Guerrilla Mosaics is a sax-koto-percussion conversation with results as unexpected as would be expected from these players. Butcher introduces his vocabulary of multiphonics, high frequencies and unique articulations to Masaoka's koto and laser-triggered koto; Robair ranges over the course of the disc from barely audible texturing to explosive full drum-kit.

The players work both with and against the cultural resonaces of their instruments, often subverting common modes of interaction. This is recognizably strings, wind and percussion, but with the enjoyable element of a first encounter, where no-one feels they already knows what it should sound like.

Working in a format without established precedent, this trio of all-star free improvisers spontaneously creates a unique sonic environment that challenges the traditional roles and sounds of their instruments.

"There is no other recording that sounds like this," says Robair, an active performer, music journalist, and founder of the San Francisco Bay Area label, Rastascan. "The battle is of three musicians trying to create an overall sound where you can't really tell what the different instruments are. John avoids sounding like a saxophone as much as possible and I avoid sounding like a drummer as much as possible. Miya's MIDI triggering laser koto doubles and triples the things she's able to do."

Although all three players are influenced by and well-versed in electronic music, the foundation of Guerrilla Mosaics is the skillful manipulation of the acoustic properties of their instruments. From Butcher's percussive use of the saxophone's keys and string-like overtones, to the low drones Masaoka creates with the body of the koto, to Robair's textural manipulation of found objects and cymbals that simulate the double-stop techniques of a string player, each musician utilizes well-developed personal ability to enhance the spontaneous collective discovery of playing together for the first time.

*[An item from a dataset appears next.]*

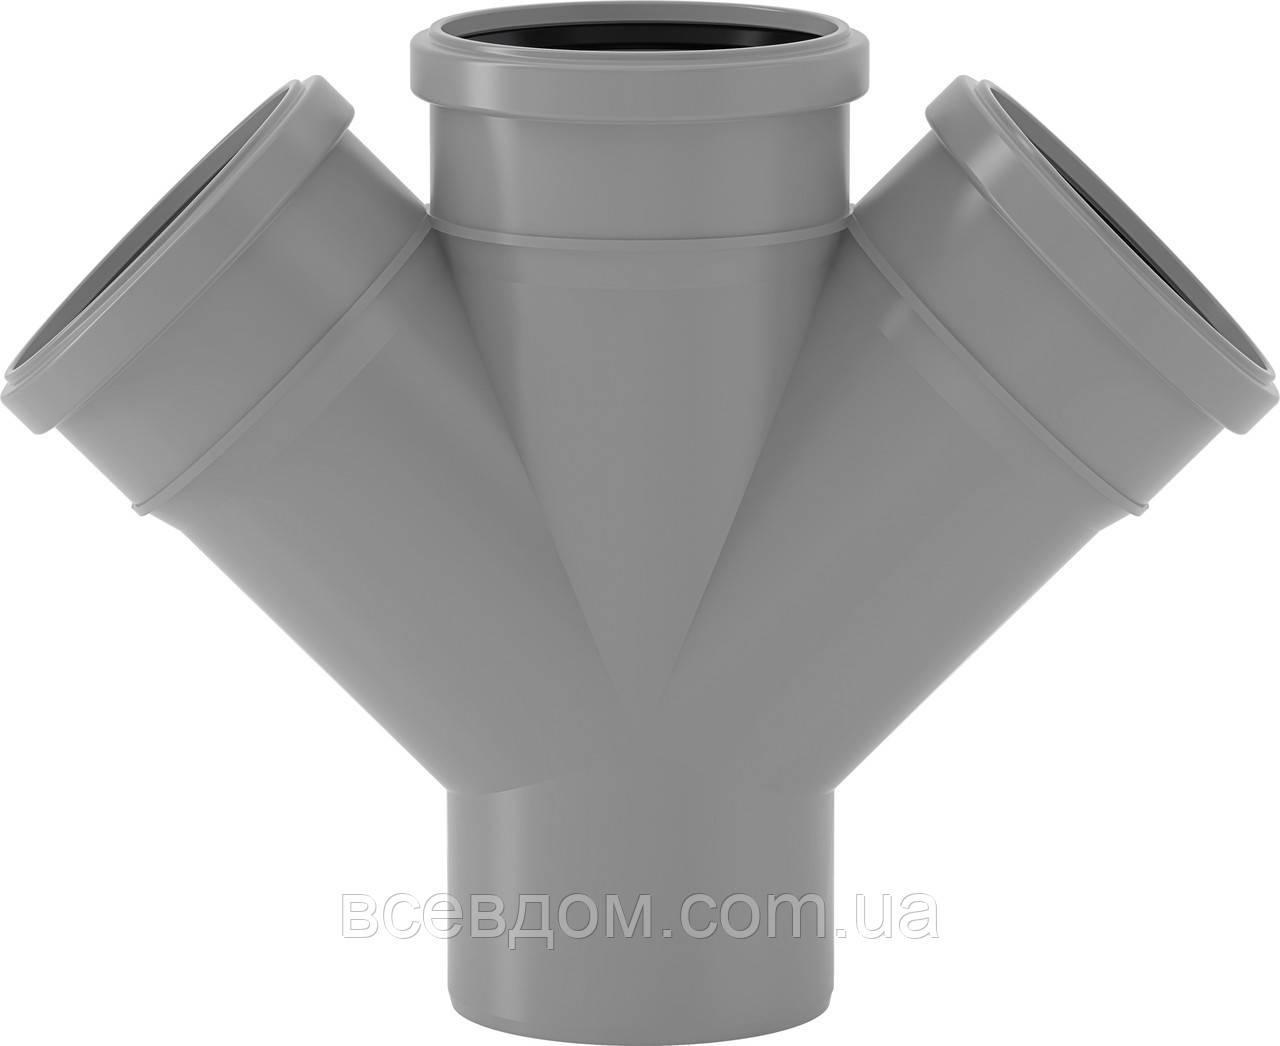 HDTA крестовина Valsir внутренней канализации 110/110/110х87°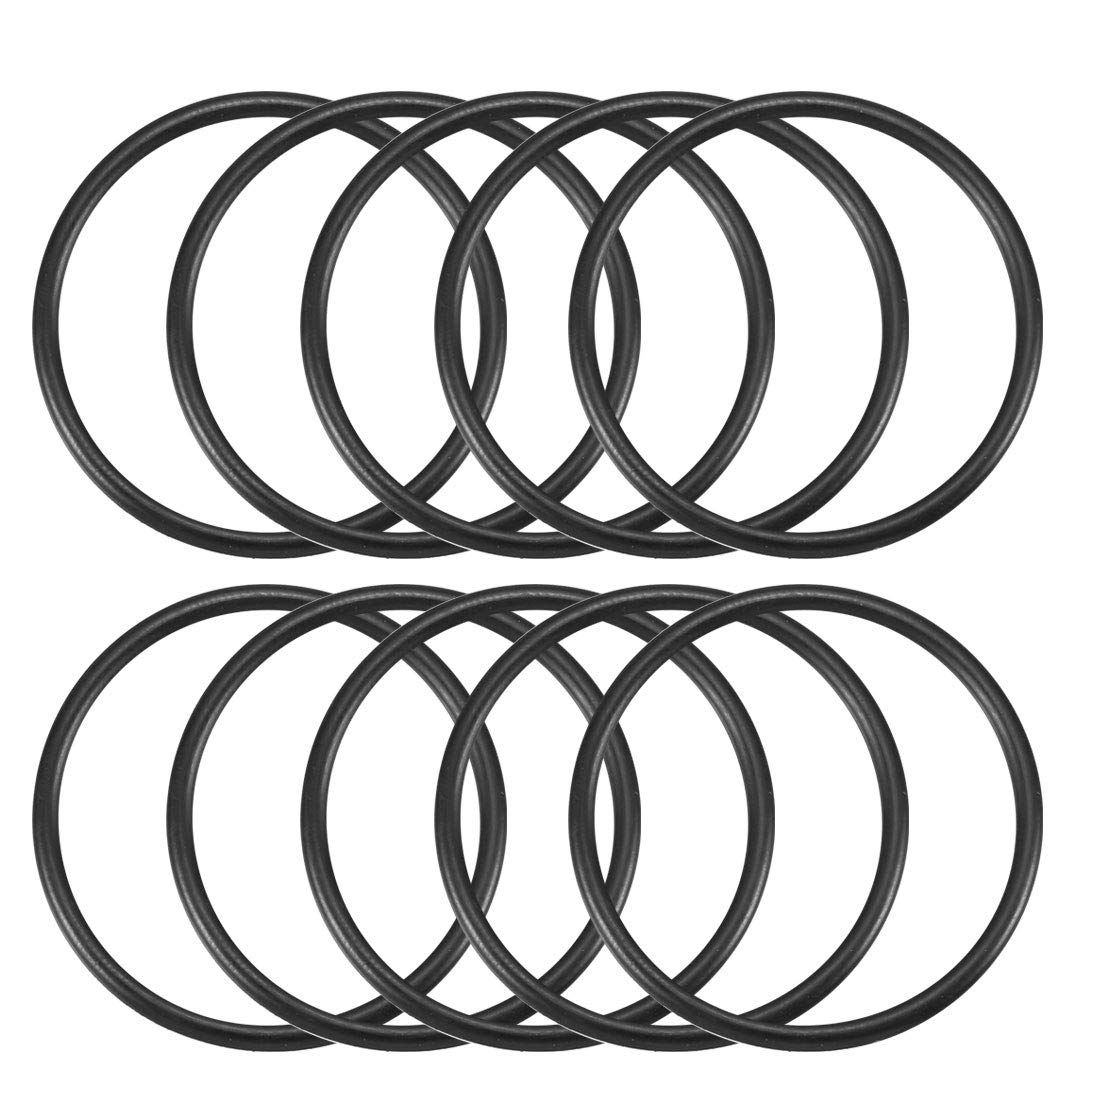 uxcell Nitrile Rubber O-Rings 24mm OD 20mm ID 2mm Width Metric Buna-N Sealing Gasket Pack of 30

"I think we're all borrowing from what we know to be the musical possibilities of the other kinds of instruments," explains Butcher, a former physics Ph.D. candidate whose use of articulation, breathing, and multiphonic techniques has created new roles for the saxophone over the last two decades. "It's creatively stimulating to play when you have no idea what the form should be like, what shape the music should take, and, in particular, what the hierarchy or role of your instrument should be. The group actually becomes an entity through the process of playing. When it works, you end up doing something no single person could have imagined or planned."